私の感想は「日本にもこんな刑務所があるのか」という驚き。撮影場所となった「島根あさひ社会復帰促進センター」は日本の刑務所の中でも新しい方で、例えば食事は自動で配膳ロボットみたいなのが持ってきたり、受刑者は胸に着けてるICタグで監視・管理されていたり、一部の業務を民間が担っていて先進的な運営がなされている。配膳カーみたいなのは病院とかにもいるのかな?音楽流しながら廊下を走ってて、それだけでちょっと驚いた。

そんな中で一番の目玉というか、ここだけの取り組みなのが「TCプログラム」という教育。ここで受刑者は民間の指導員のもとでワークショップに参加して、「自分の心に向き合う」「自分の気持ちを言葉にする」ことを繰り返し学んでいく。映画の中では4人がフィーチャーされていて、TCプログラムでそれぞれがどう変わっていくかを撮影しているんだけど……すごい。これは本当に見て欲しいんだけど、簡単に見れる機会がないのでもどかしい。

映画の中で受刑者は顔にぼかしが入っているけど、よくテレビであるような声の加工はされていない。なんならぼかしもそんなに濃くないから、「こういう表情で話しているのかな」と想像がつく。だからすごく人間で、どこにでもいそうで、刑務所に入っているのが信じられないような人もいる。罪状を聞くとニュースでよく見るようないわゆる「闇バイト」みたいな人もいれば、窃盗だったり、詳細は伏せられててわからないけど傷害致死ということで誰かが亡くなっていたり。「金に困って叔父の家に盗みに入り、バレて殺そうとした」なんて人もいた。遺族や被害者たちがいる。人生めちゃくちゃにされた人たちがいる。

TCプログラムで目指す更生は、刑期を終えて彼らが社会に出た後、犯罪を繰り返さないこと。そのために徹底的に彼らの心に向き合う。受刑者同士でたくさん話す。自分がやったことを語り、他者がやったことを聞く。その時の気持ちを洗い出す。事件に至るまでの背景を、こども時代に遡って共有する。講師方はもちろん、受刑者同士で話すことがこんなに変化をもたらすのかって驚いた。本当の意味でお互いに「わかるよ。」って言い合える。時には厳しいことも言う。そこでしか気付けないことがある。

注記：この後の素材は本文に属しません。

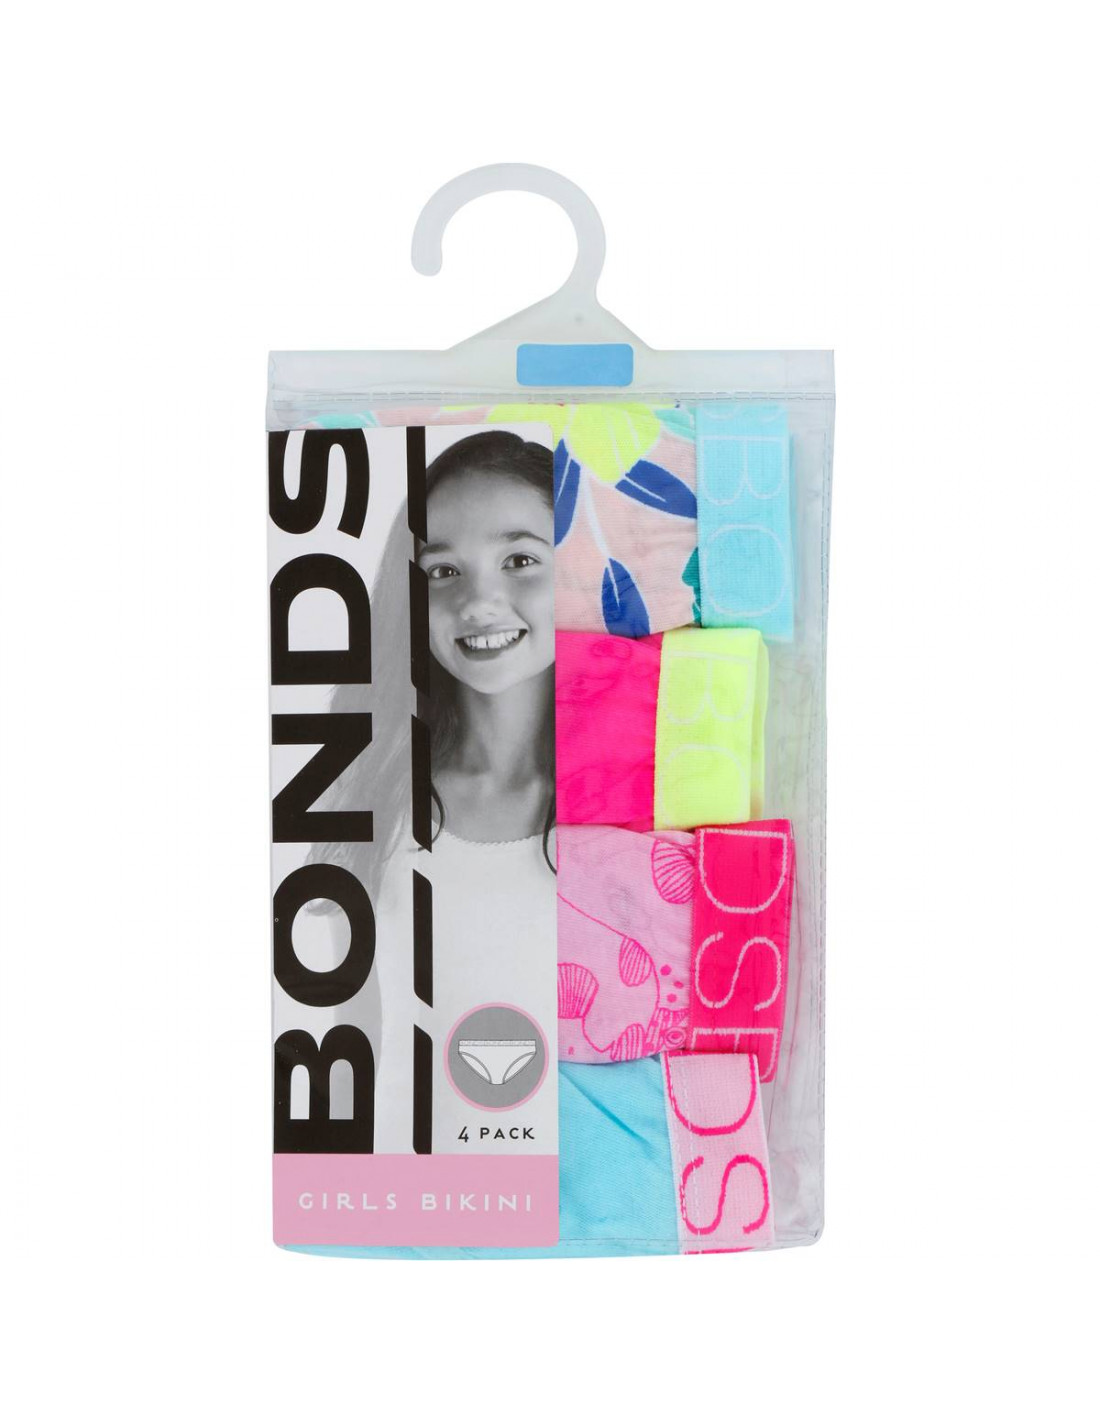 Bonds Girls Hot Wheels 4 Pack Briefs Underwear sizes 2 3 4 6 8 10 12 Multi

傷害と窃盗で捕まった真人さん(仮名)は、TCプログラムに参加しても長らく「窃盗に対する罪の意識がない」と言っていた。「そこに財布があると『あ、財布だ』って盗っちゃう。盗った理由は全部後付けなんすよ」「悪いとは思わない。盗られた人が困るとも思えない」「俺も自転車とか傘とか盗られるの普通だし、なんとも思わないし。だったら俺が盗るのも変わらない」見ながら頭を抱えた。真人さんの声でわかる。本当に、「なんとも思っていない」。聞いてるこっちも、もはや「悪気が無くてムカつく」という感情にすらならない。刑務所に入ったし、他人のものを盗んだらいけないってことはなんかこう「知識としてわかっている」けど本当に……それ以上が何も無い。この人が窃盗を繰り返さないようになるにはどうしたら良いのかわからなかった。「お客様の中に窃盗被害に遭われた方はいませんかーー!!!」って思った。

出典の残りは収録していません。